BEGIN The records
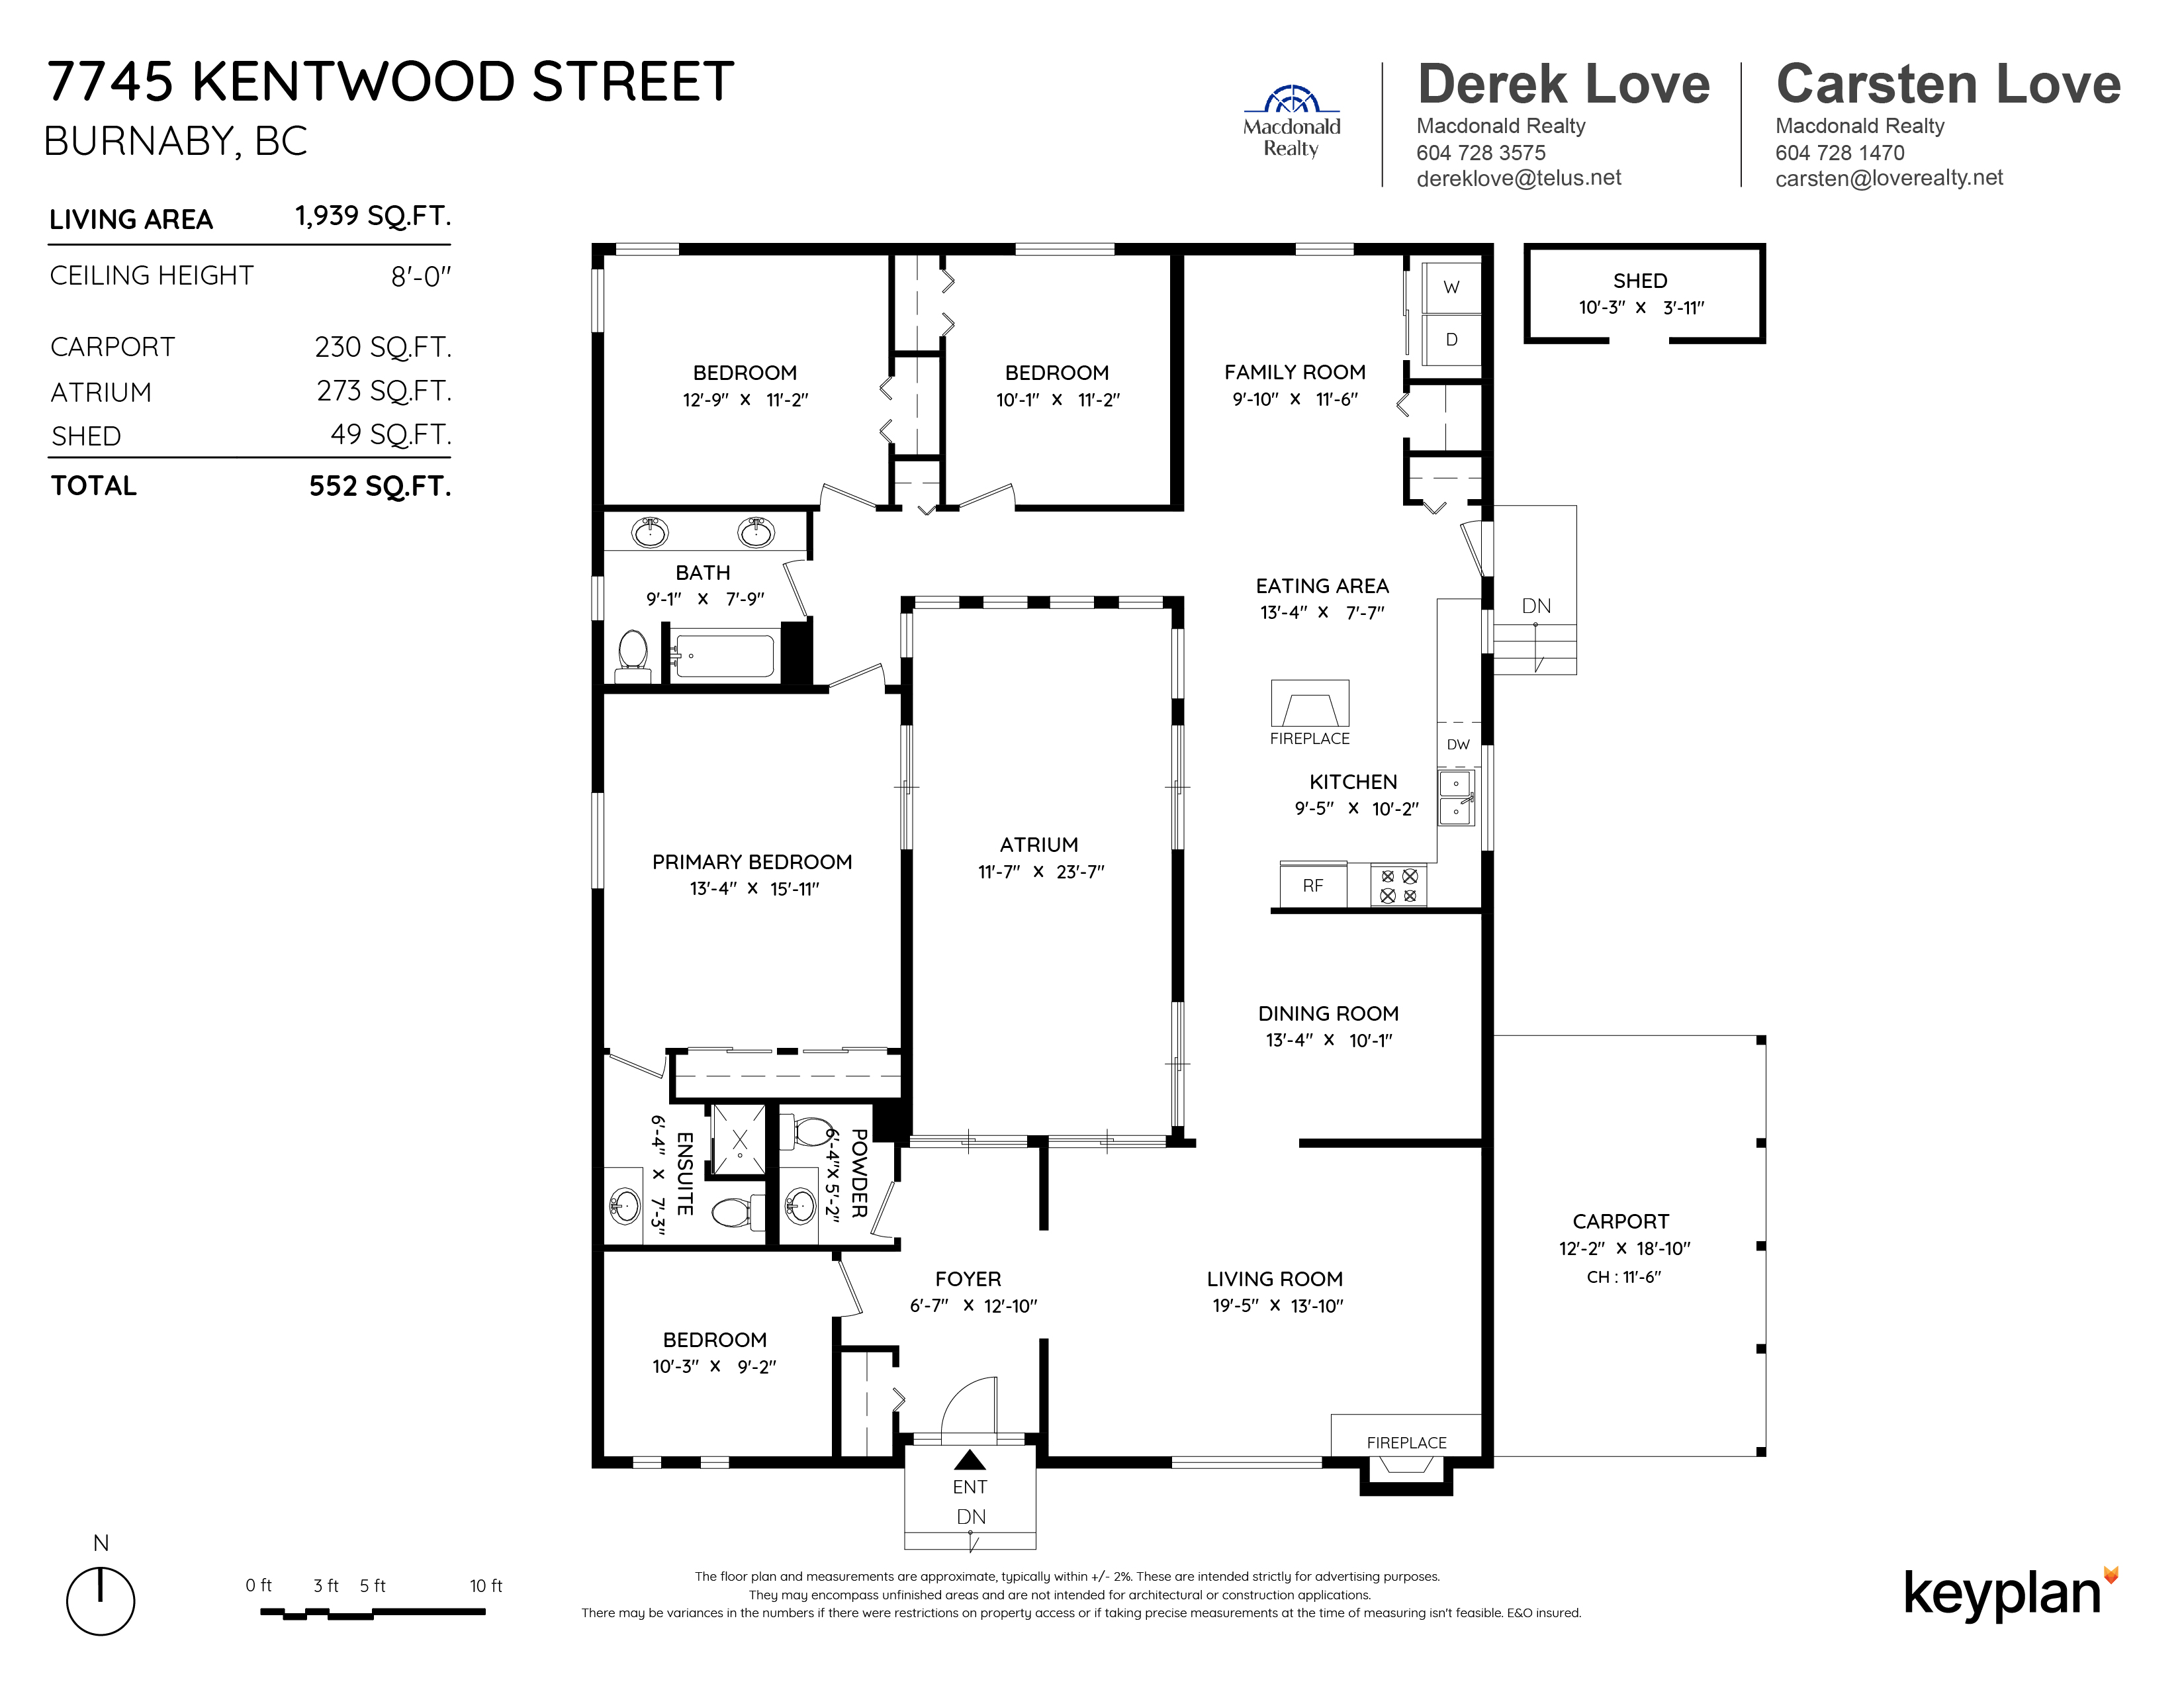 Derek & Carsten Love - 7745 Kentwood Street, Burnaby, BC, Canada | Floor Plan 1
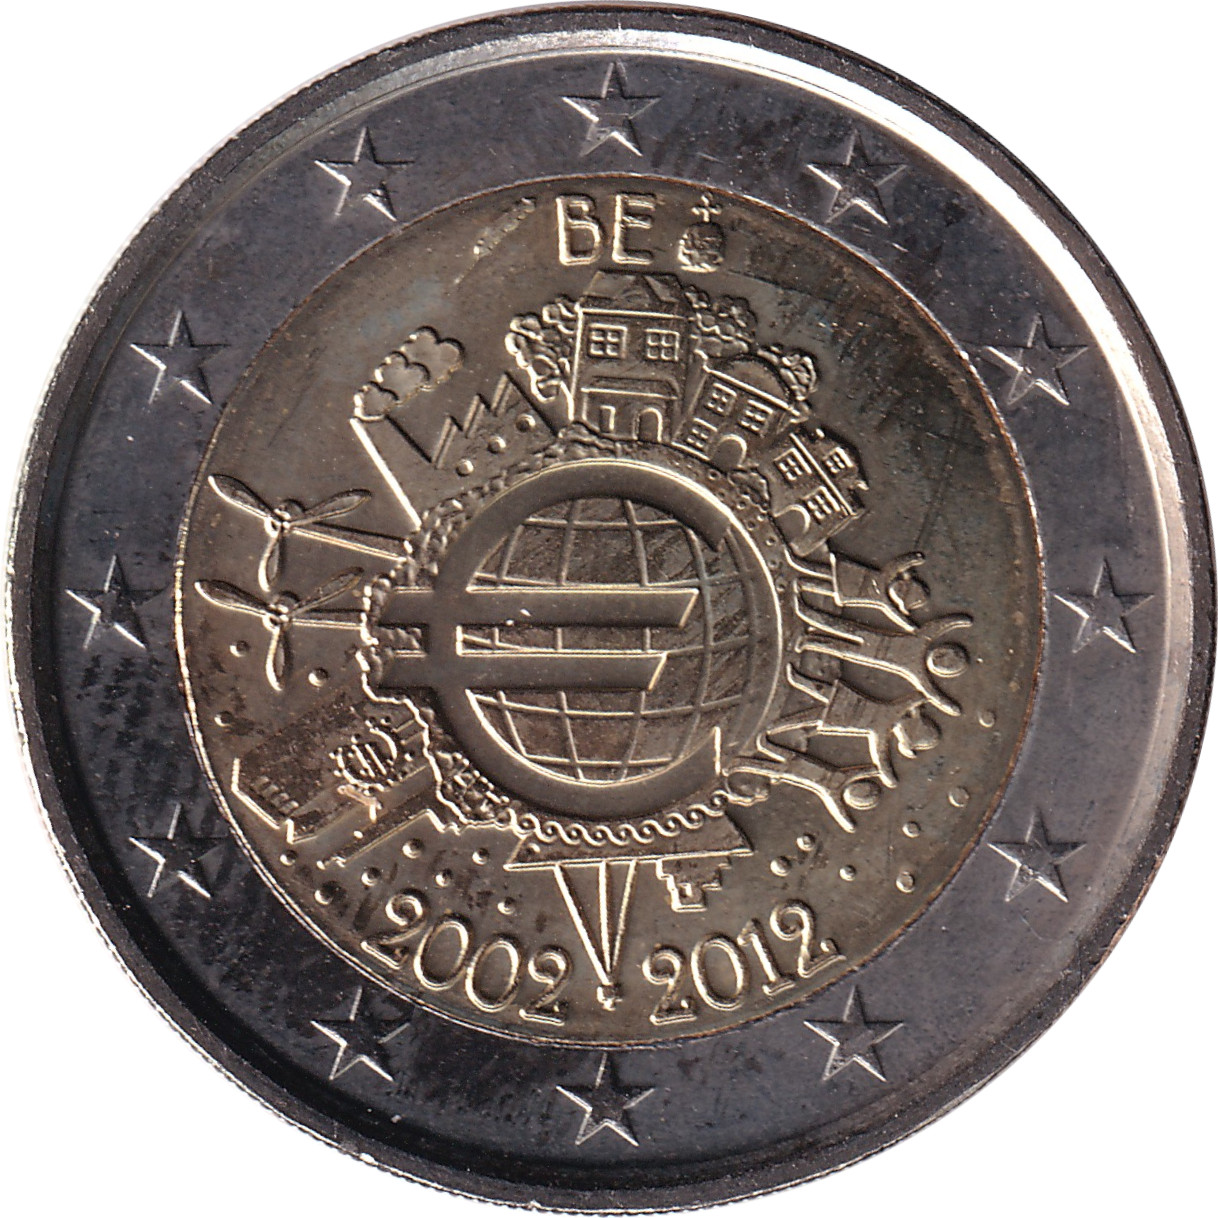 2 euro - Mise en circulation de l'Euro - Belgique
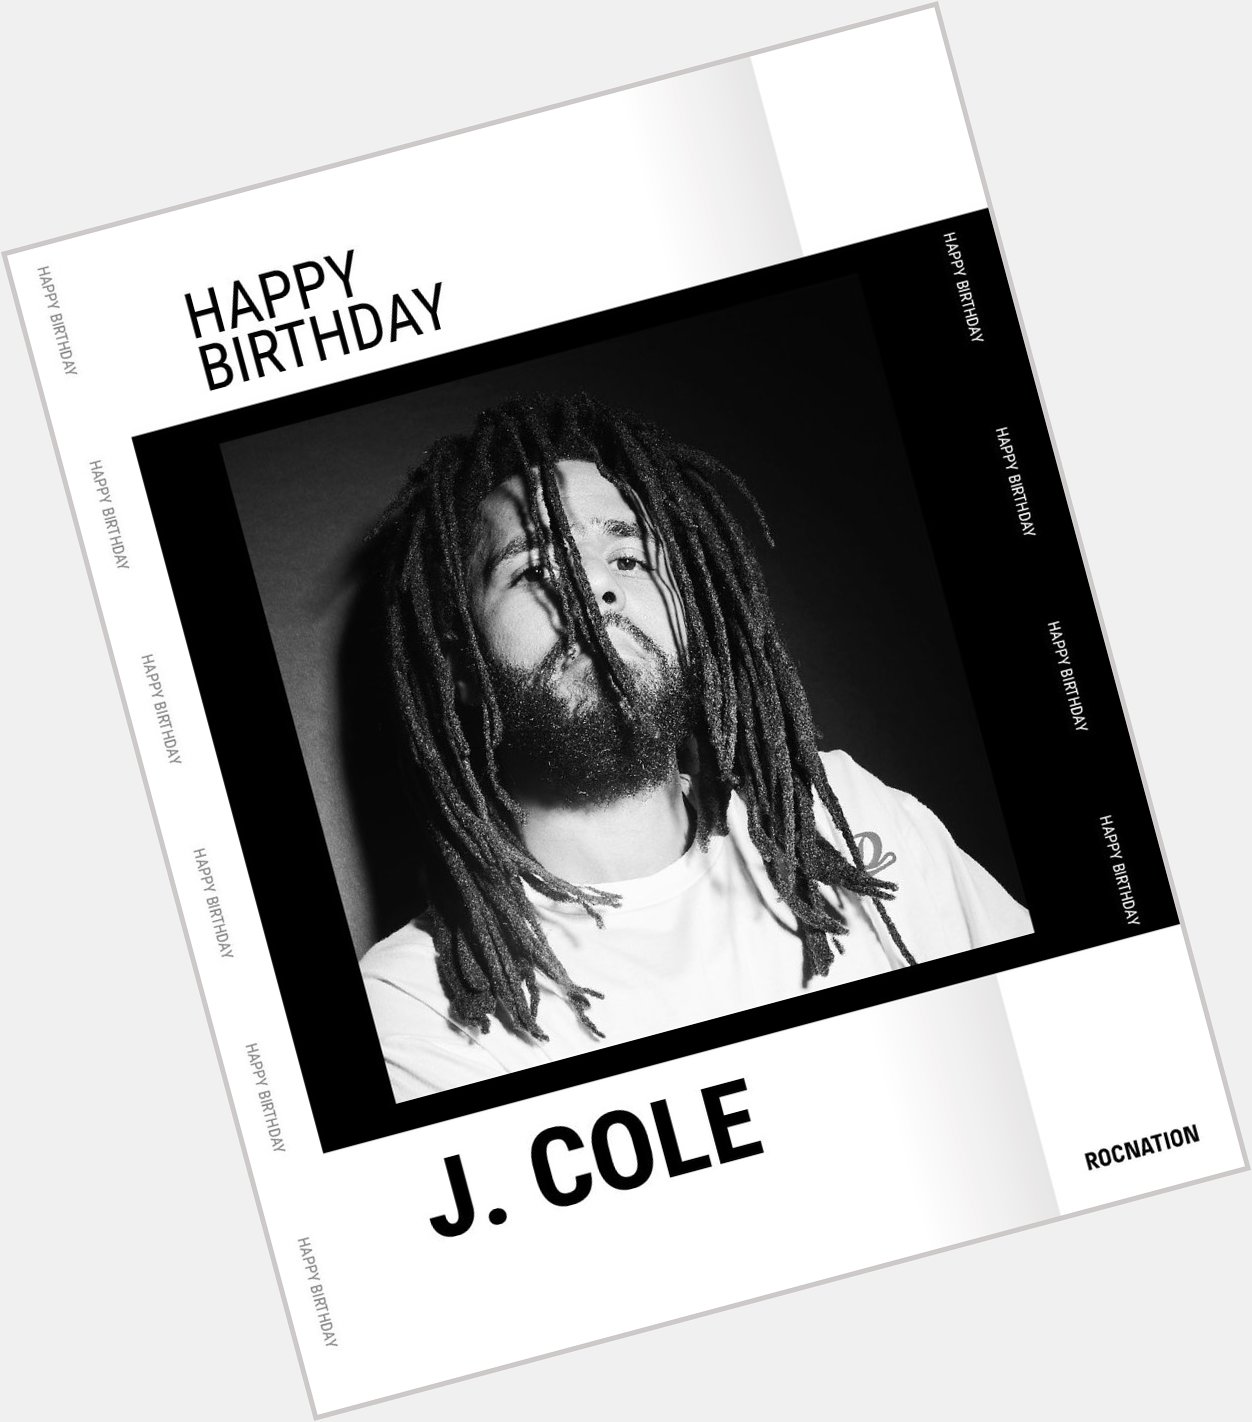 Happy Birthday Fav J. Cole 
Cole World 
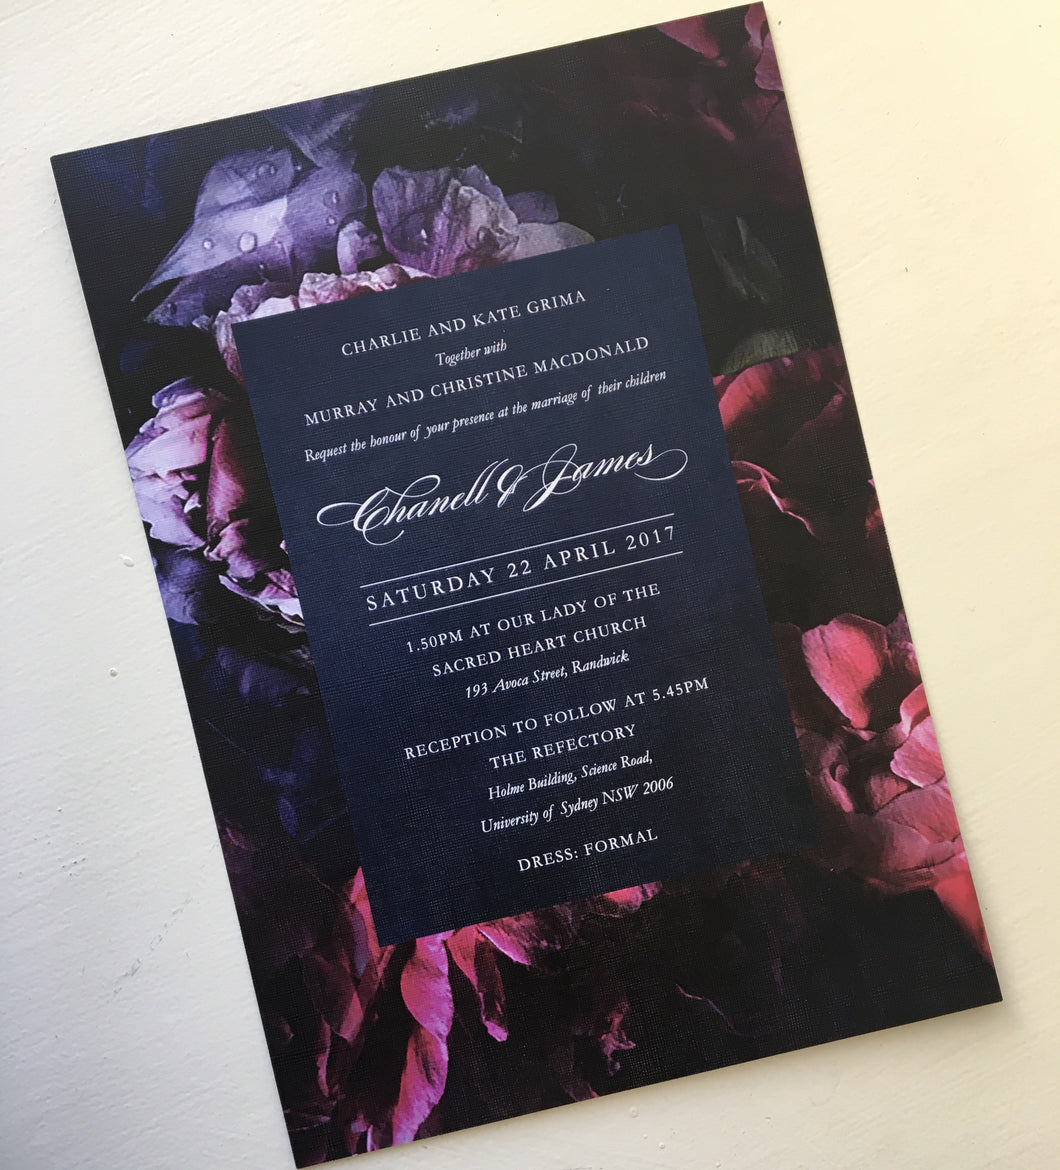 Chanell's Wedding Invitations
END The records
Your task: Only the lines from the one containing "Happy Birthday Fav J. Cole" through the last line of the entries above belong in the copy; reproduce them exactly and drop every picture.

Result of the exercise:
 Happy Birthday Fav J. Cole 
Cole World 
 Chanell's Wedding Invitations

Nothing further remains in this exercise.